**Exercise**
Please restate the data below word for word, omitting all images.
[Data below — start]
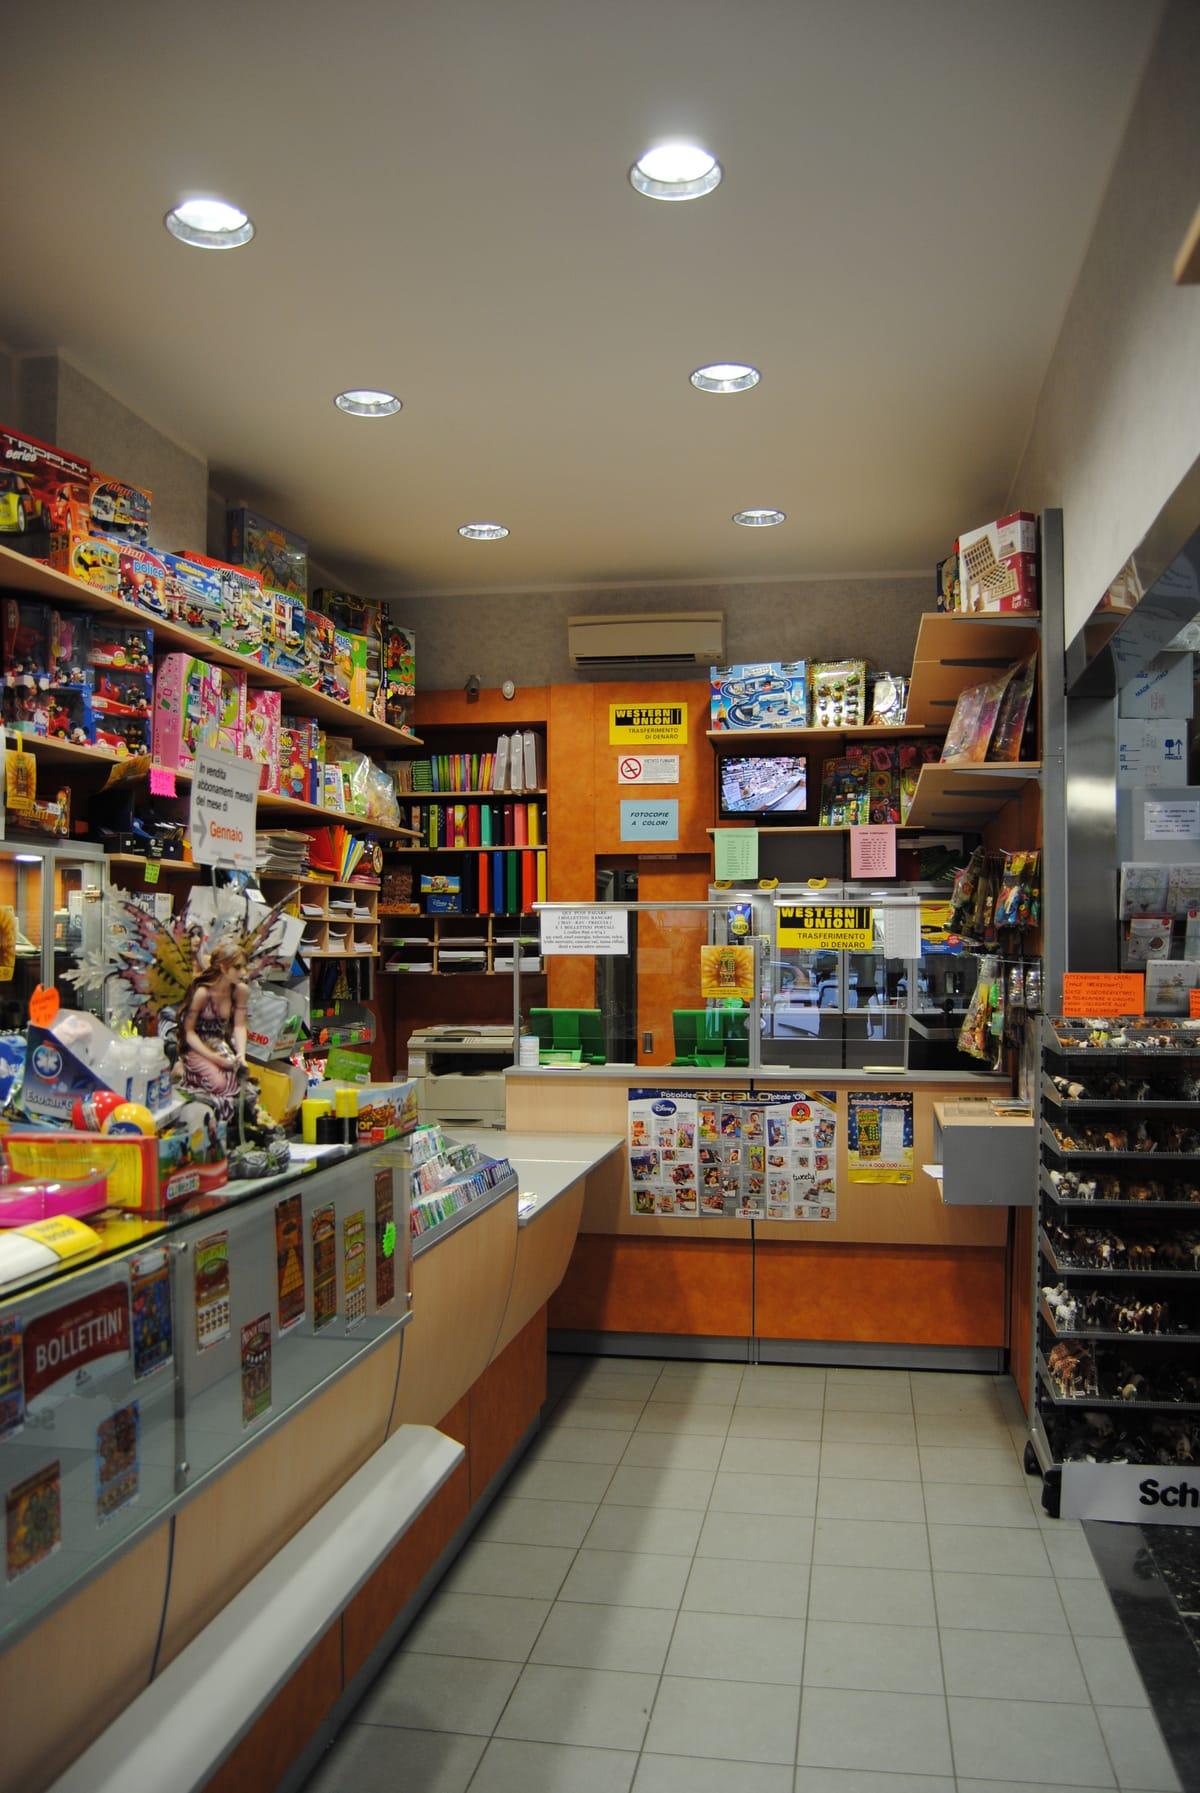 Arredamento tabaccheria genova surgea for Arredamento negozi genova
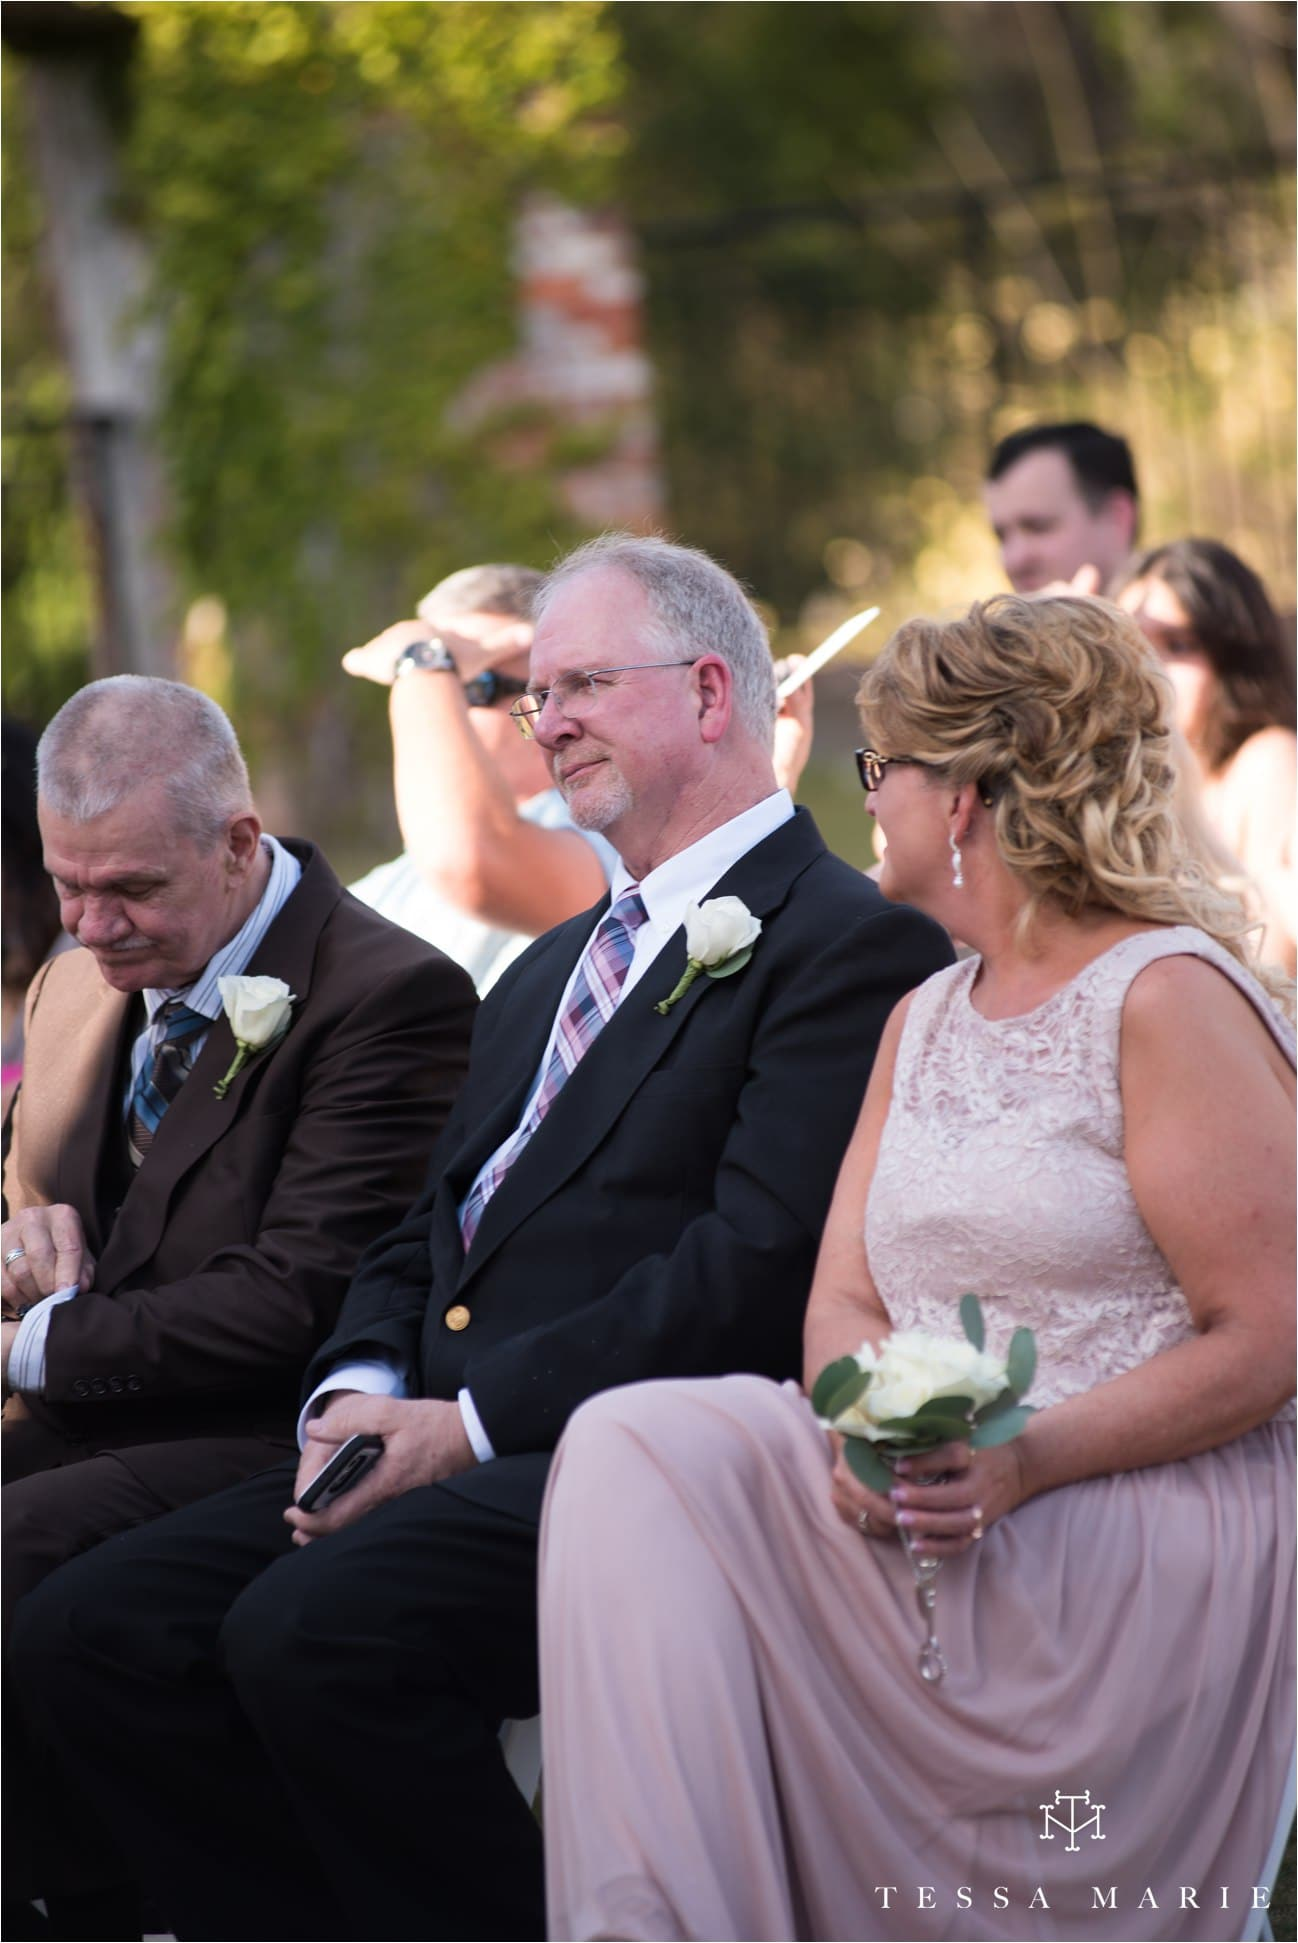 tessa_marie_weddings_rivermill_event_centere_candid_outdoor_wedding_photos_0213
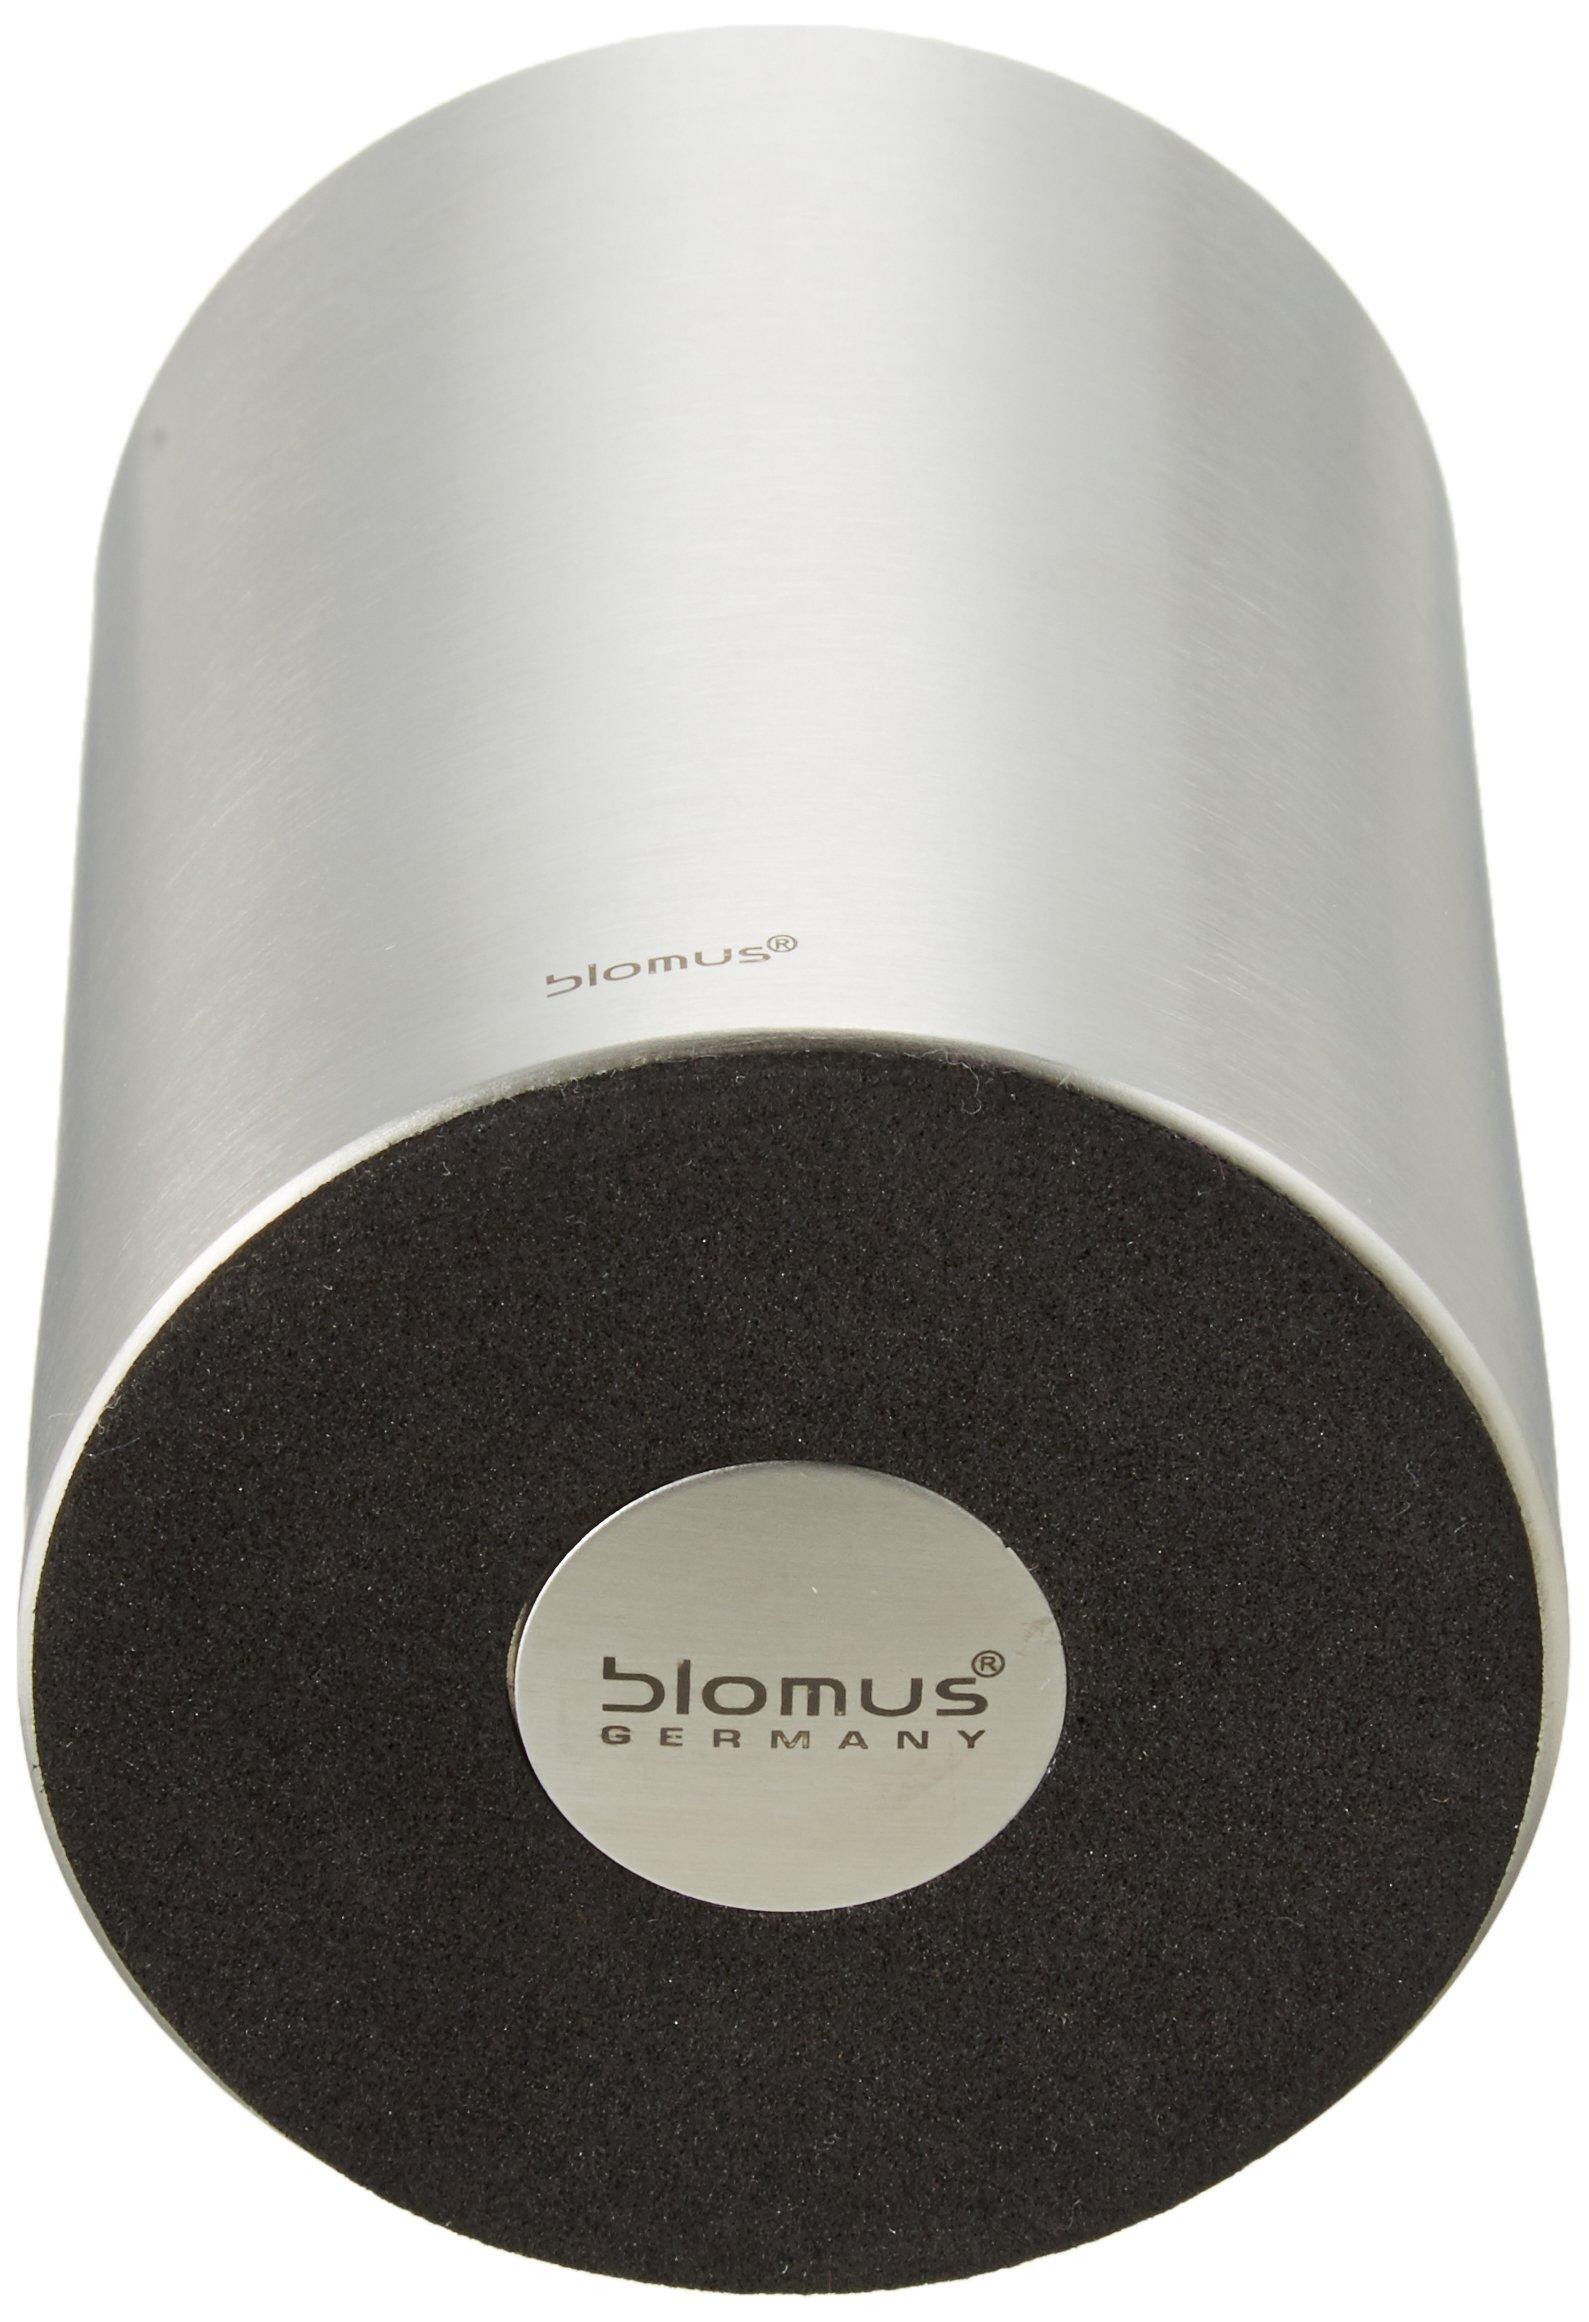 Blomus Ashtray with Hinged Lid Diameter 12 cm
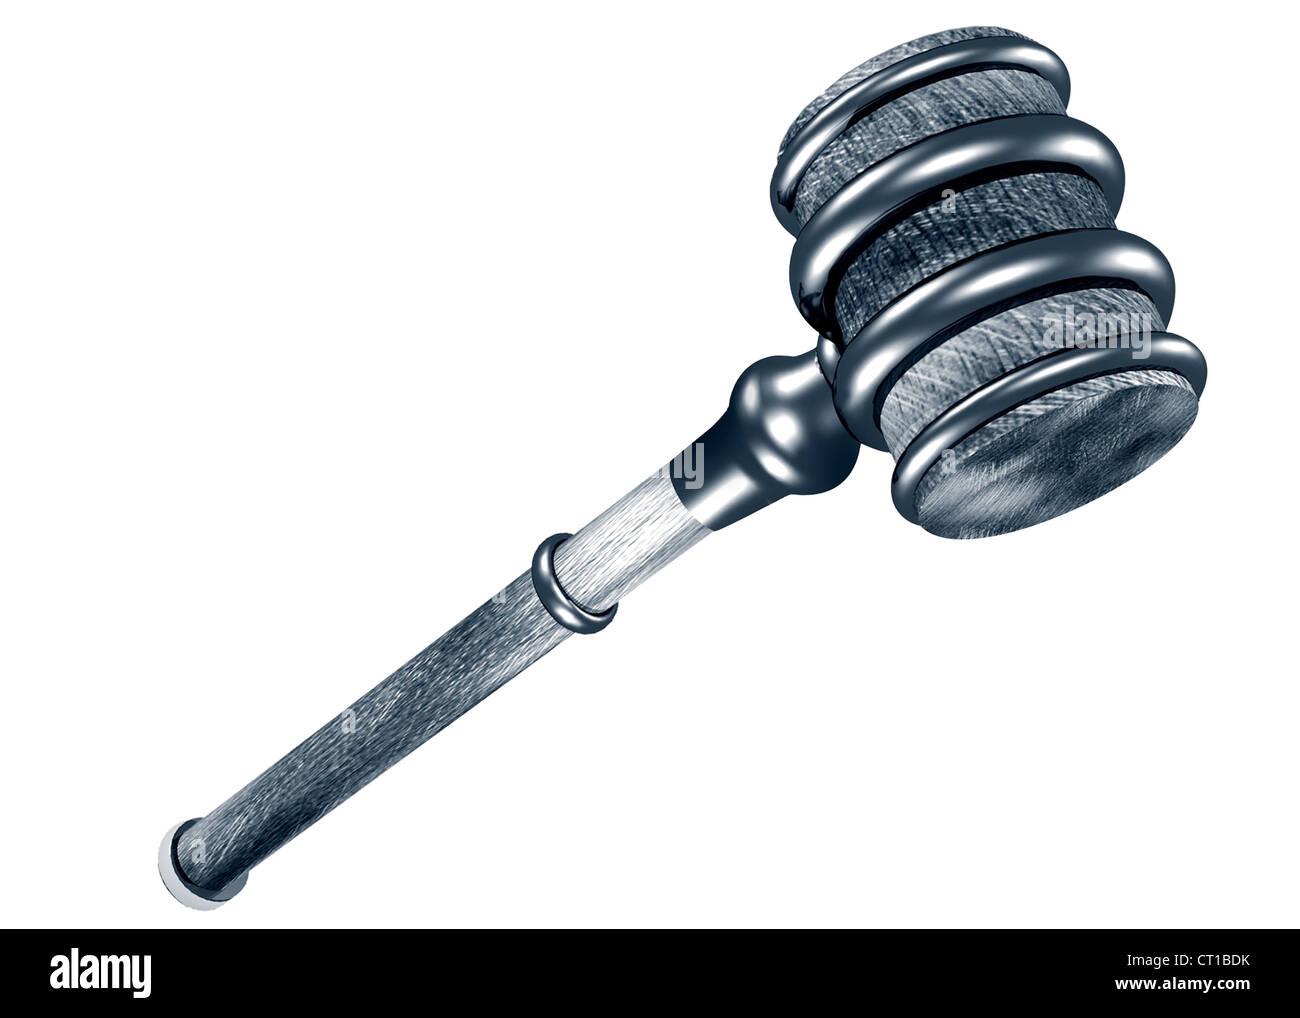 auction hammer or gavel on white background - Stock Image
[Data below — finish]
**Completed exercise**
 Arredamento tabaccheria genova surgea for Arredamento negozi genova
 tessa_marie_weddings_rivermill_event_centere_candid_outdoor_wedding_photos_0213
 Blomus Ashtray with Hinged Lid Diameter 12 cm
 auction hammer or gavel on white background - Stock Image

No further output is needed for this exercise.